Monday, January 13, 2020

Rome Journal: Pompei e Santorini. L'Eternità in un Giorno



"Vesuvius" by Andy Warhol
“Pompei e Santorini L’Eternita in un Giorno” is the wonderful title of the show that recently completed a run at the Scuderie del Quirinale. It’s the meeting of the genre of science fiction and fantasy with art or in actuality, reality. For in 1648 BC and 79AC life in both the villages of Akrotiri on the Island of Santorini (dating from possibly 5500 BC) and Pompei (from the Etruscan era) were instantaneously extinguished. The two lost cities were discovered in1869 and 1748 respectively.

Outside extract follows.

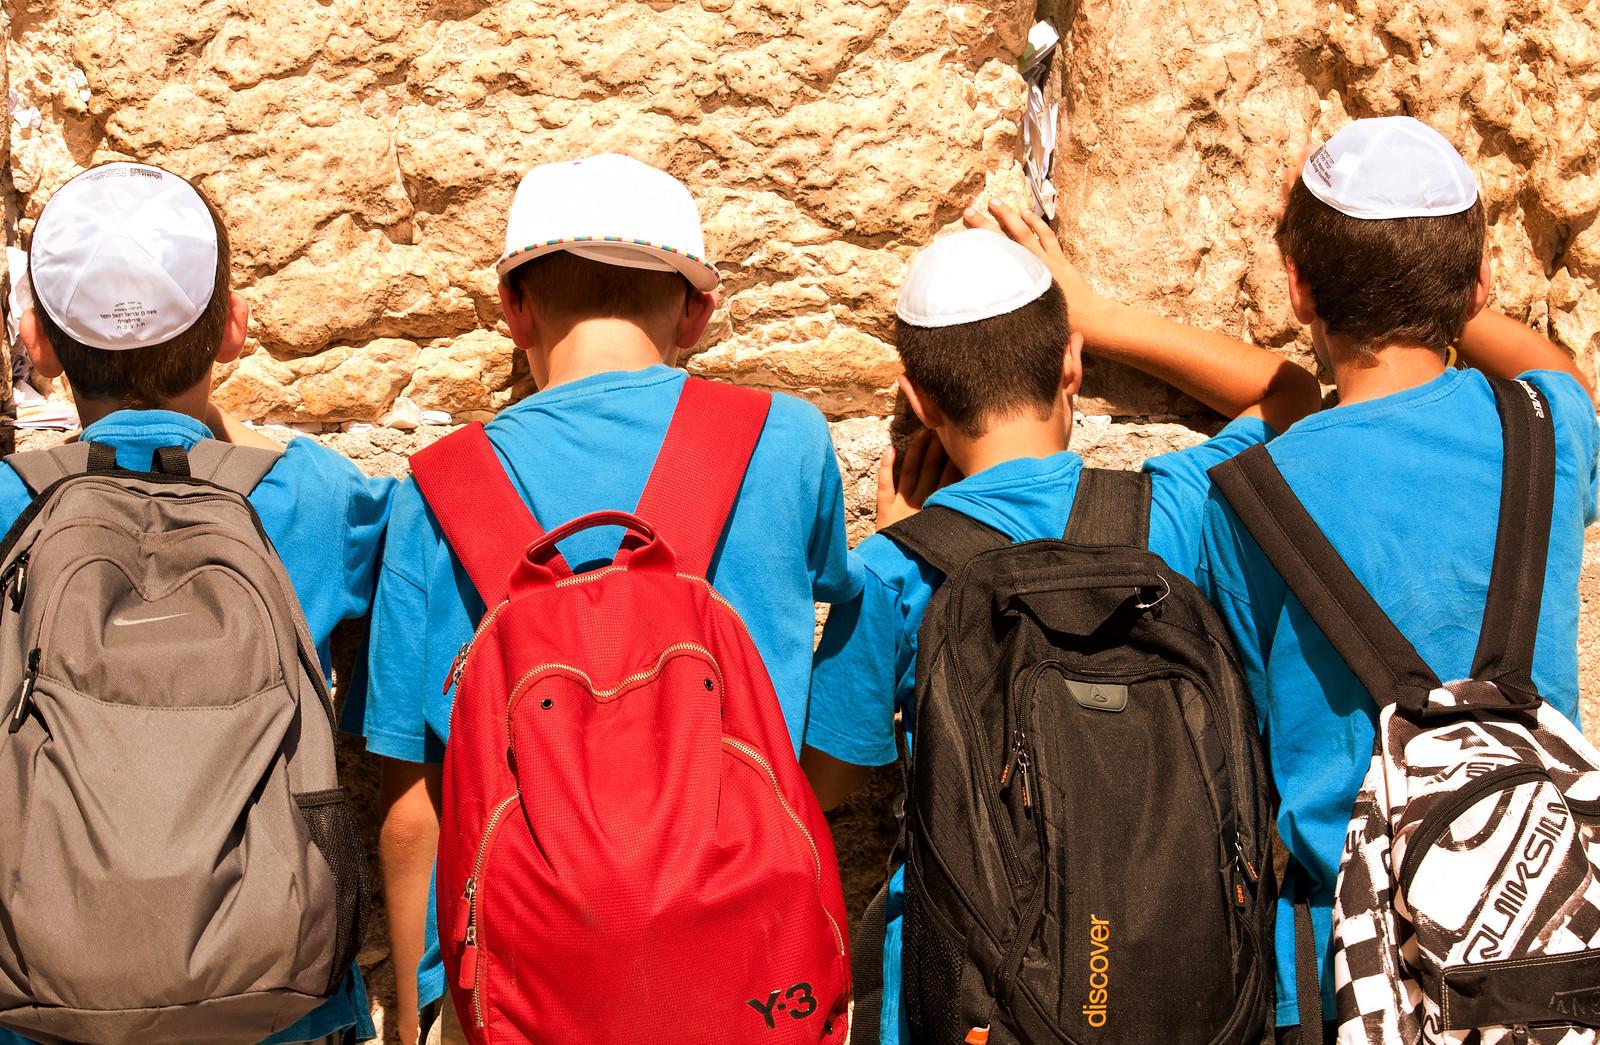 Jerusalem_Western Wall_4_Noam Chen_IMOT

The mode of destruction in which the pyroclastic eruption brought life to a halt was also an act of preservation that has brought these two civilizations back to life. The German art historian August Mau for instance identified four styles of frescoes in Pompei: the painted stucco Greek, trompe l’oeil, no illusion, and compositional disintegration. “Many disasters have happened in the world,” said Goethe about Pompei, “but few have given so much joy to posterity.” As the curators point out Pompei was approximately half way between the present and the bronze age. Collapse was the title of Jared Diamond's book about natural disasters and human history, but the Quirinale exhibit rendered the other side. “Elle est retrouve, quoi?” eternity has been found again is the quote from Rimbaud on which the show ends.